While overall price inflation in Canada has been relatively benign, shoppers have experienced sticker shock on many basics. Prices for fruits and vegetables jumped as much as 60 per cent in the past decade, according to Statistics Canada. Childcare and tuition costs rose upwards of 35 per cent and public transit prices ballooned by 50 per cent.

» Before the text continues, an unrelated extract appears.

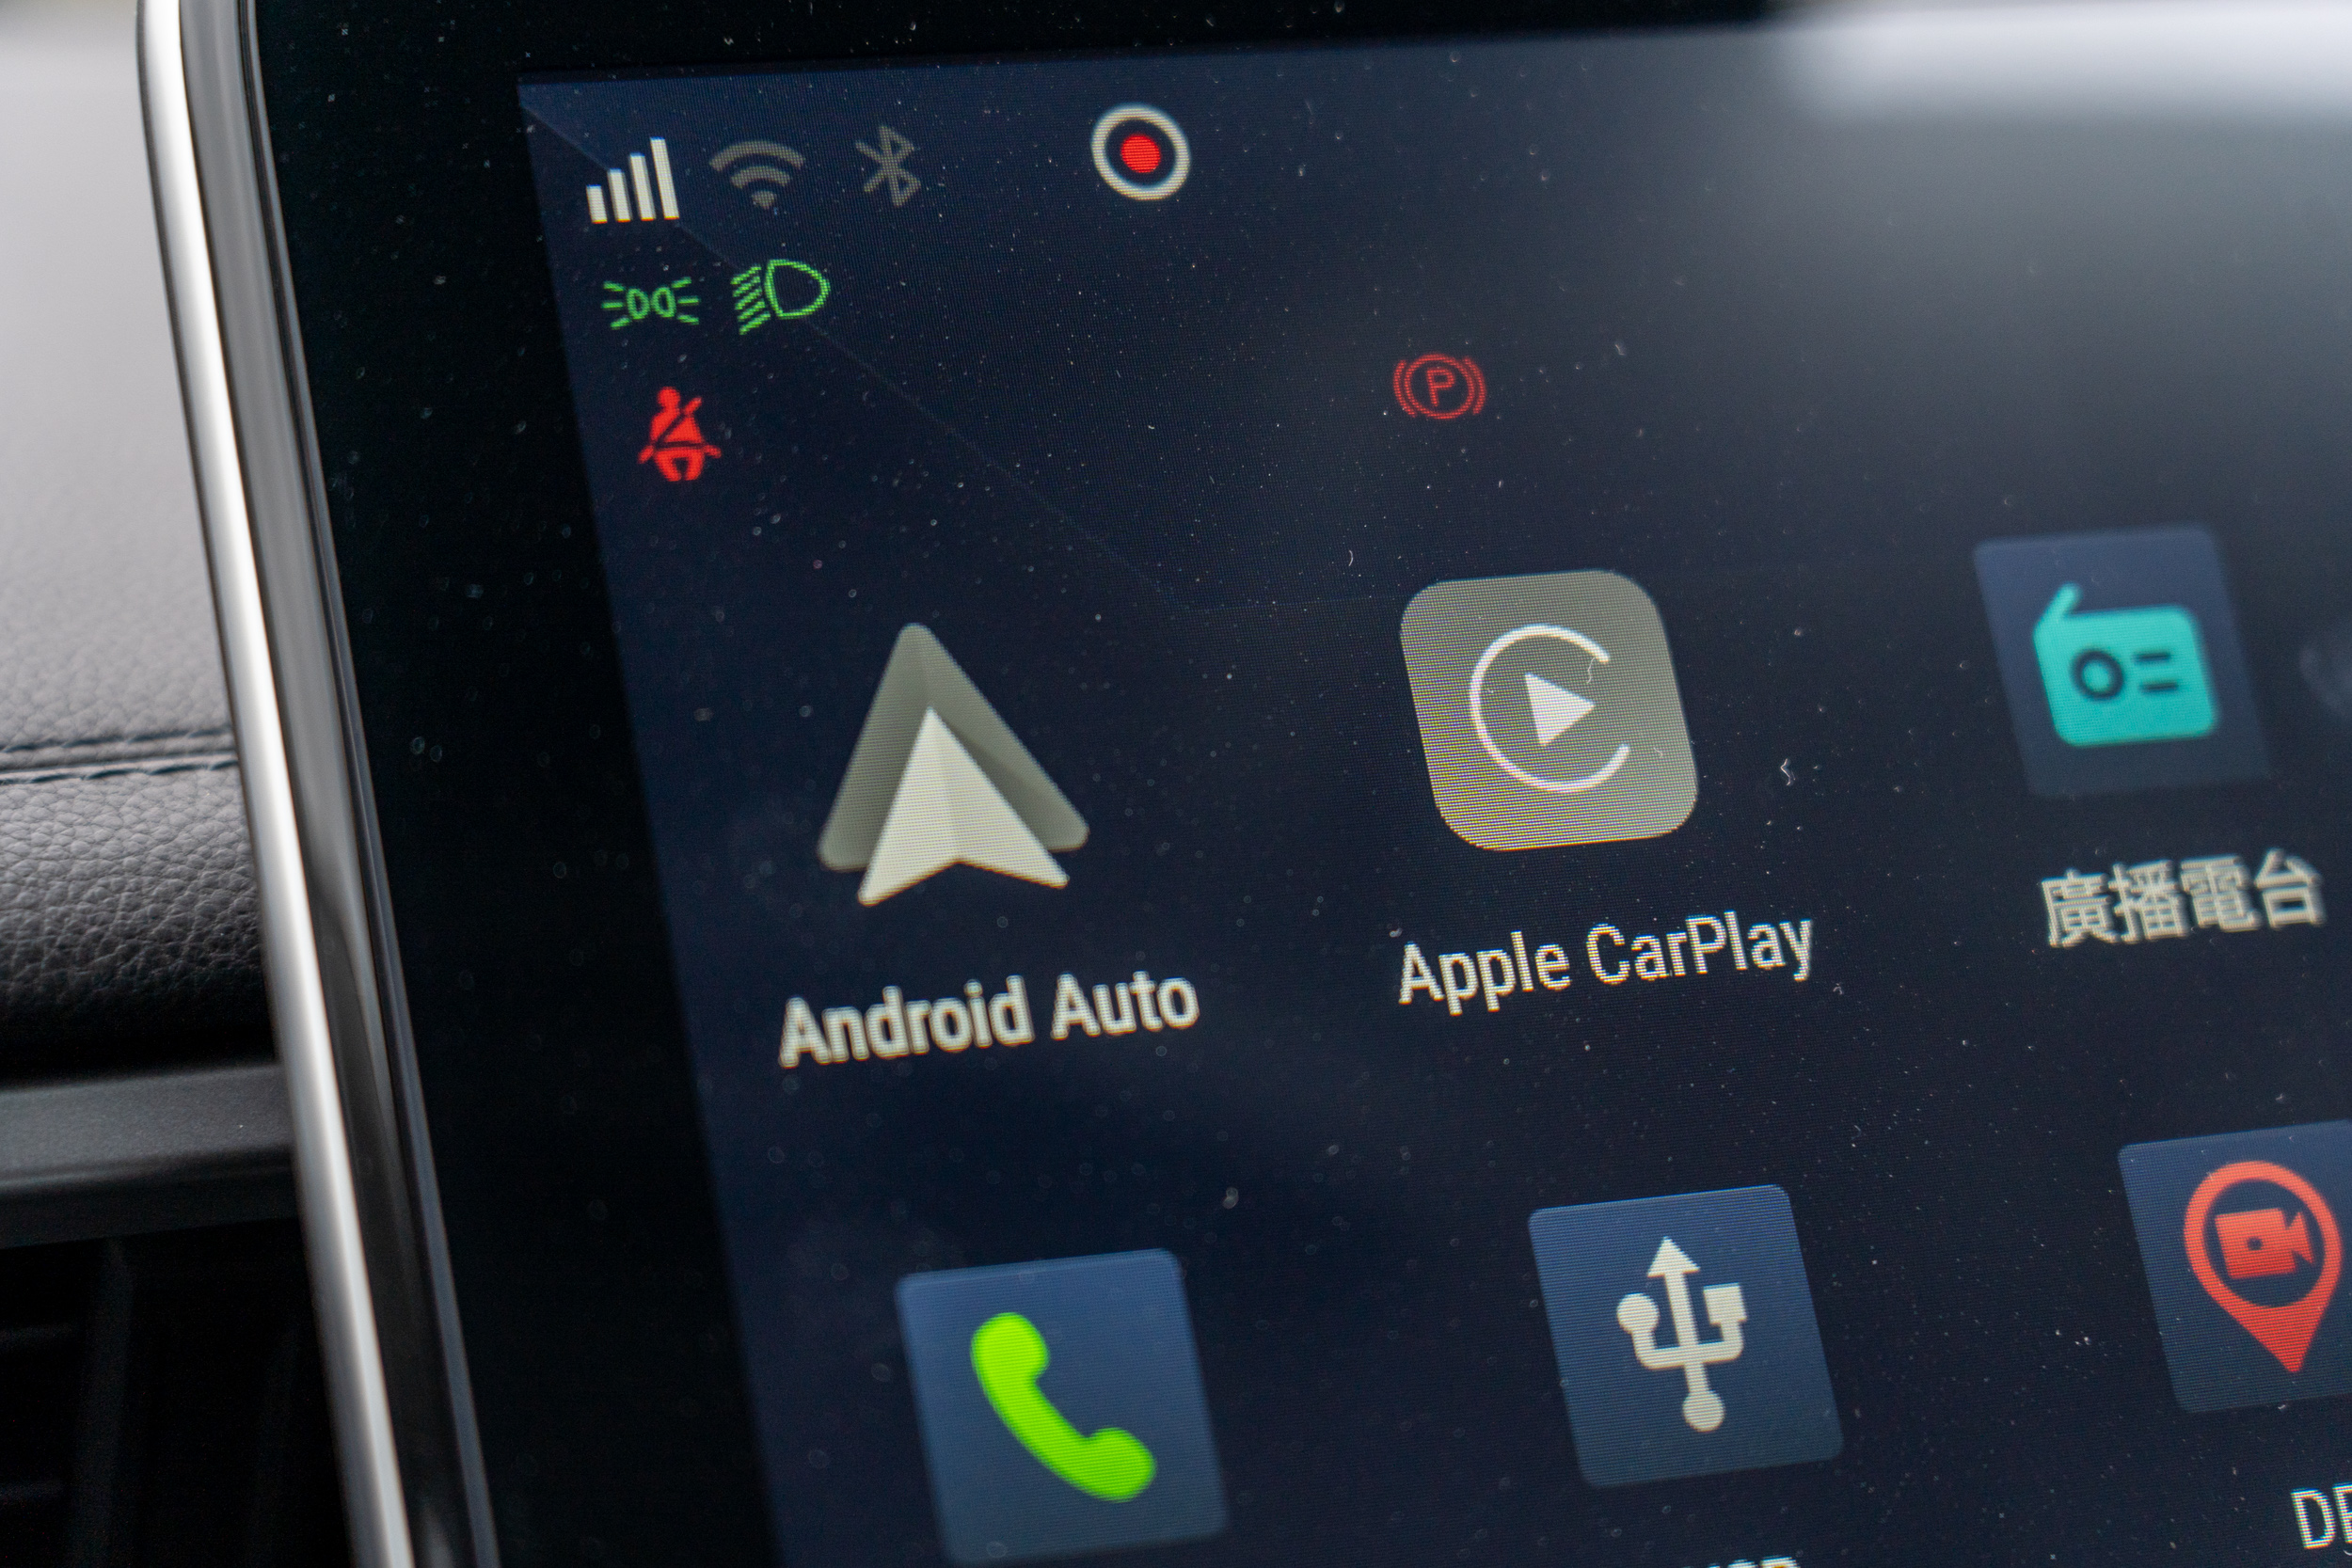 Apple CarPlay 與 Android Auto 的搭載完善了整體數位化體驗。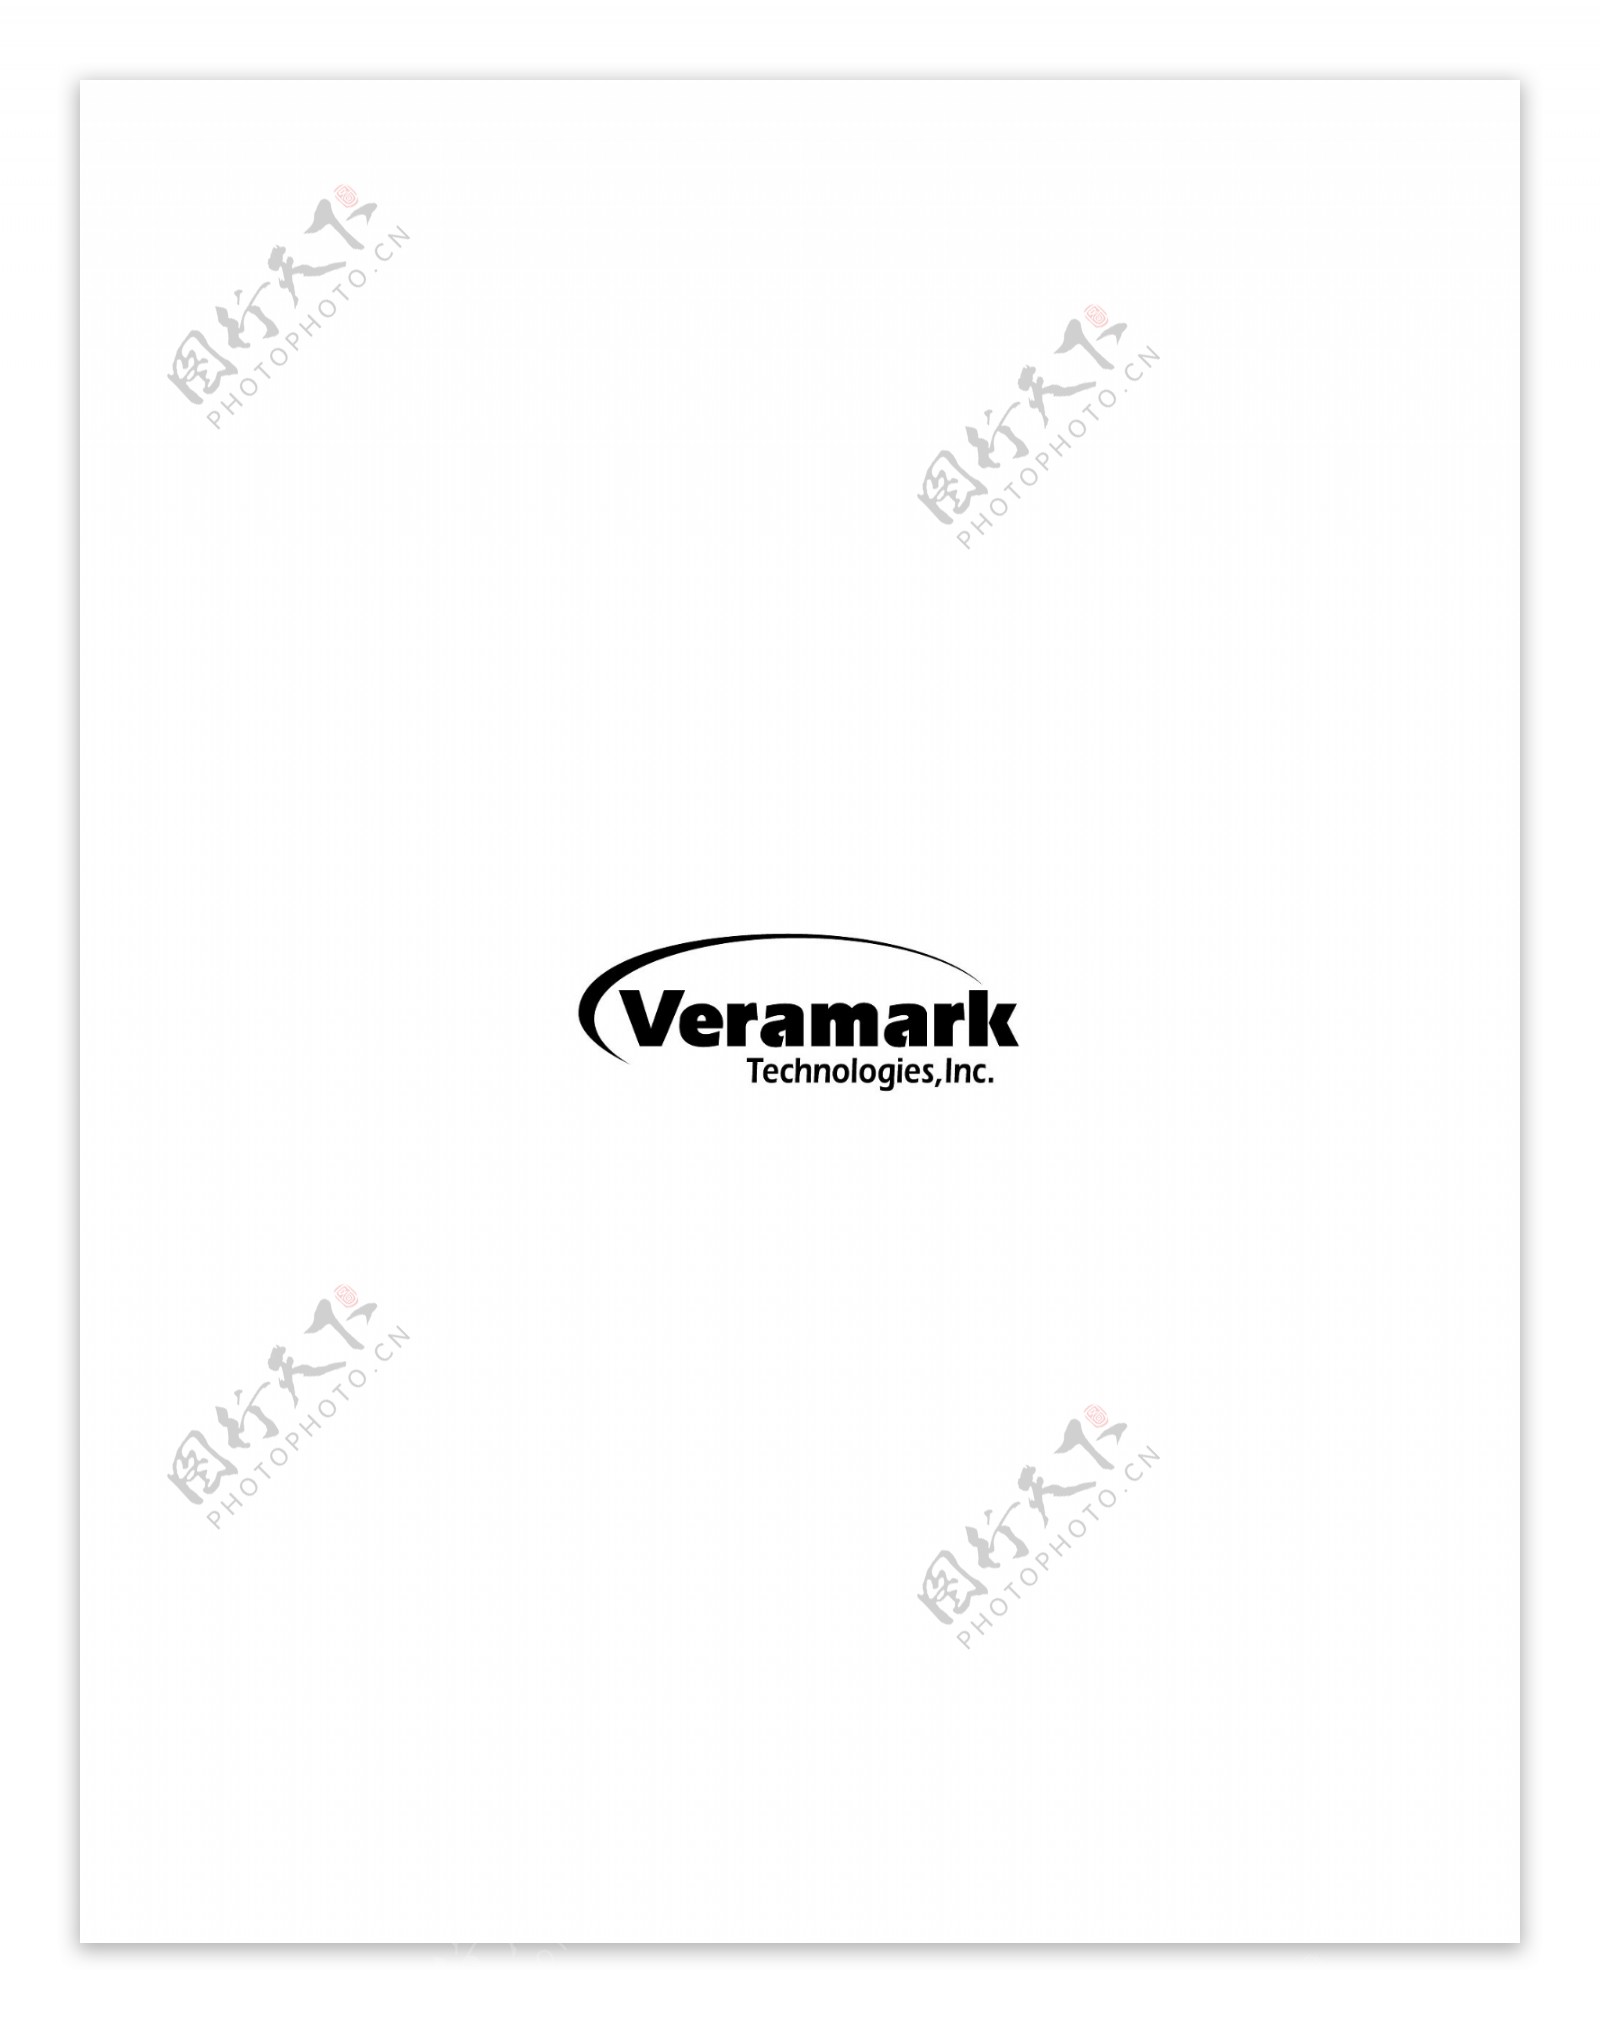 VeramarkTechnologieslogo设计欣赏国外知名公司标志范例VeramarkTechnologies下载标志设计欣赏

To top it all off, wages after accounting for inflation have remained relatively flat, even as costs for rent and basic goods increased. A puzzle for many economists and policy makers is why unemployment is hovering near record lows, yet incomes are struggling to pick up.

 

‘Arms Race’

The financial pressure on Canadians isn’t likely to ease anytime soon, with the worldwide economic outlook dimming. The International Monetary Fund recently cut its projection for global growth this year to 3.2 per cent. A rate of 3.3 per cent or lower would be the weakest since 2009. Adding to the tension, many workers are worried about robots displacing jobs and the financial impact of an aging population.

“That’s the emotional side of this issue that doesn’t show up in any CPI index or economic data,” said David Coletto, chief executive at Abacus Data. “It’s in the head and the parties are clearly recognizing that emotional side is important. It’s like an arms race right now in Canada to offer up who can save us the most money.”